* _What you have to do_: From the records that follow, return exactly the lines beginning at the one that contains "in Harajuku. He" and ending at the one that contains "Worm Hook, Size", pictures left out.

* _Raw data_:
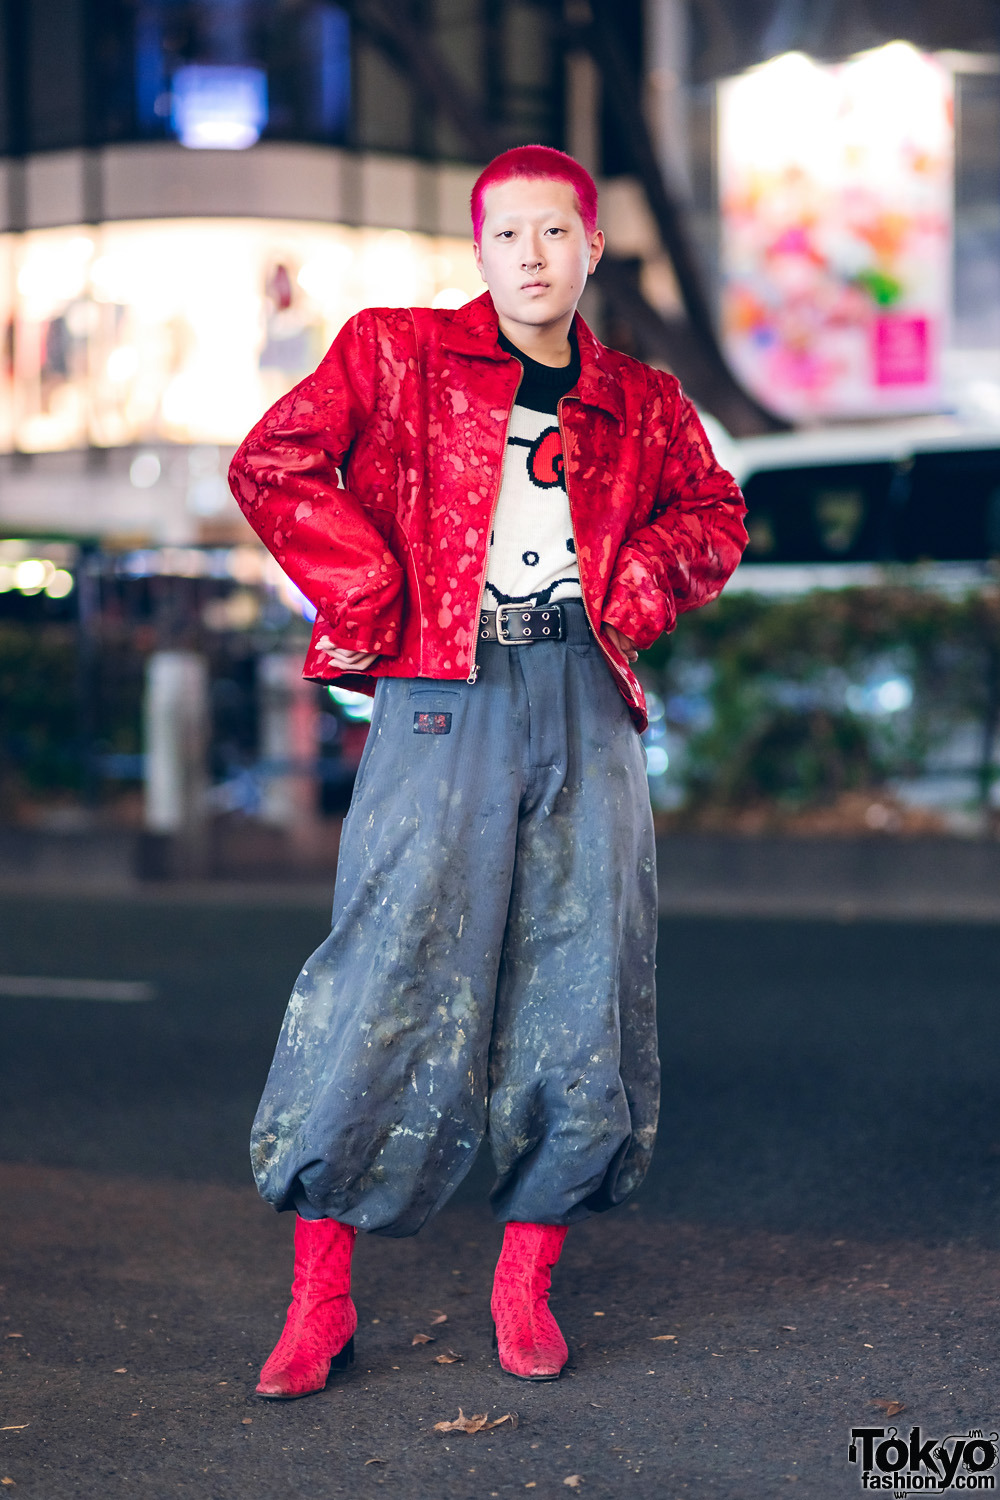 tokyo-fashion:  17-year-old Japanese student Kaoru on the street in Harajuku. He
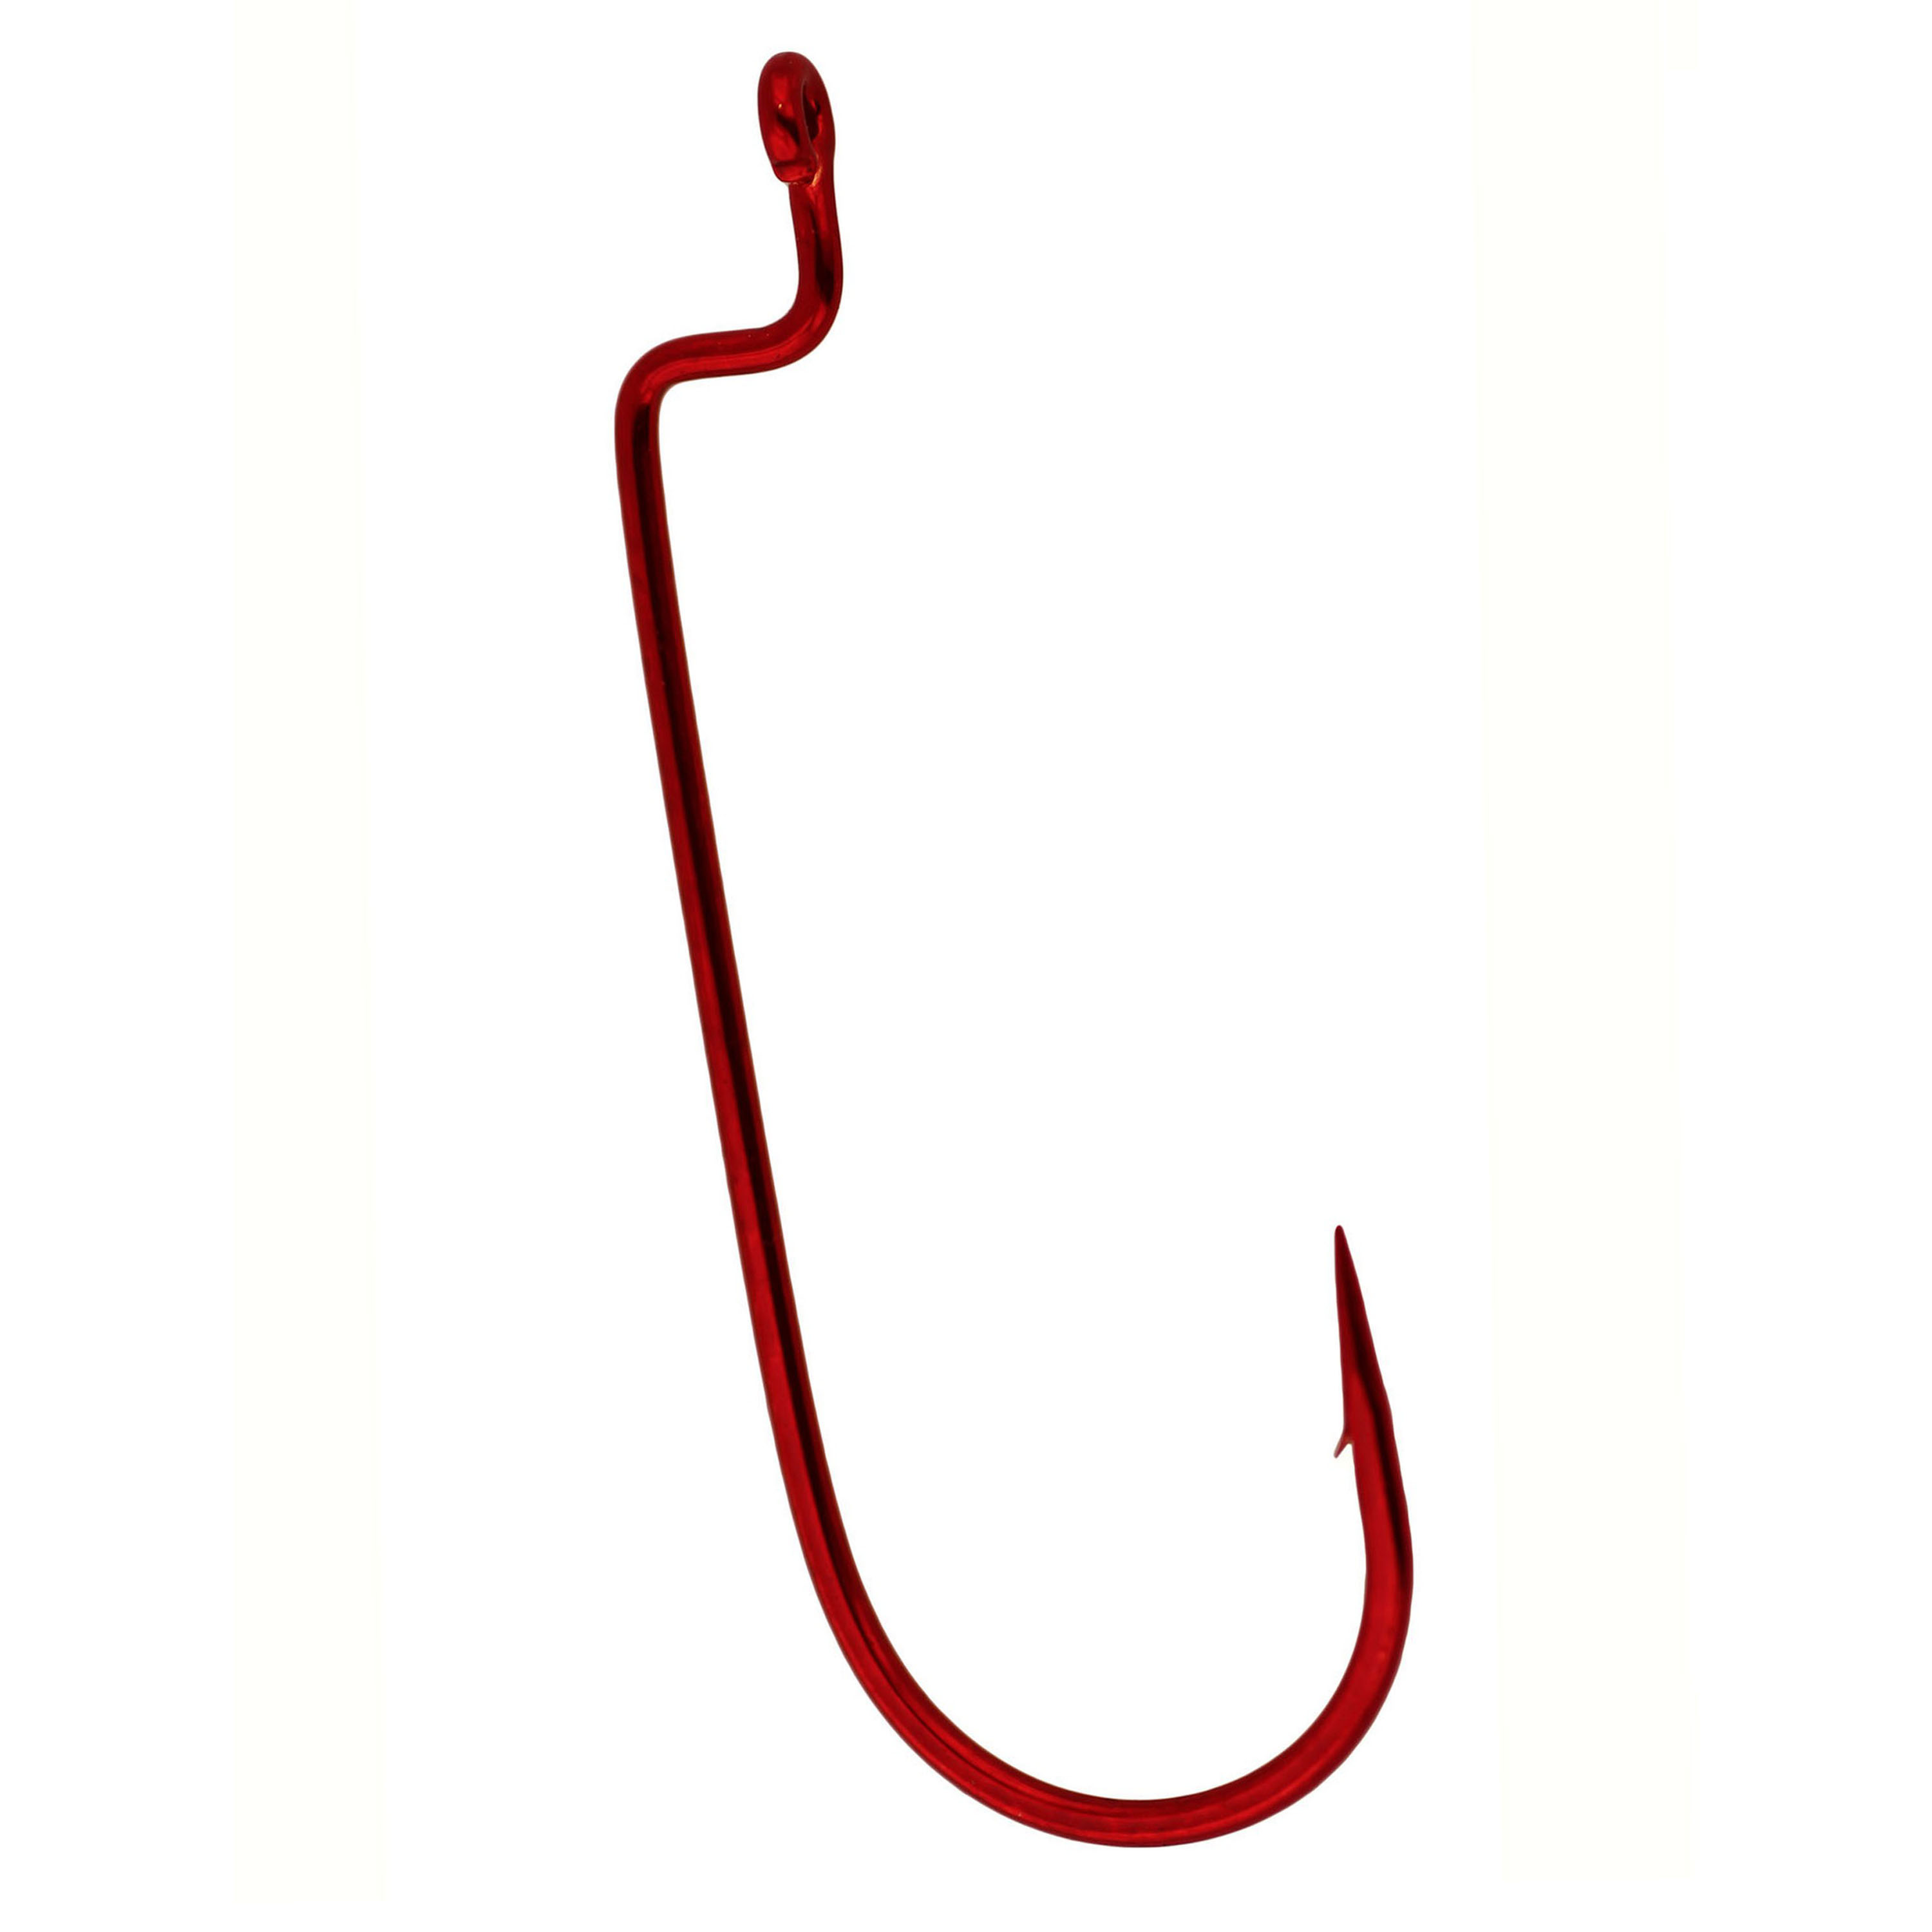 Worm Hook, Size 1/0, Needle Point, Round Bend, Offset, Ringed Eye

--

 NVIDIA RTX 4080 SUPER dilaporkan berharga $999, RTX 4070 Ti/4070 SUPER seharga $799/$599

* _Problem solution_:
 tokyo-fashion:  17-year-old Japanese student Kaoru on the street in Harajuku. He
 Worm Hook, Size 1/0, Needle Point, Round Bend, Offset, Ringed Eye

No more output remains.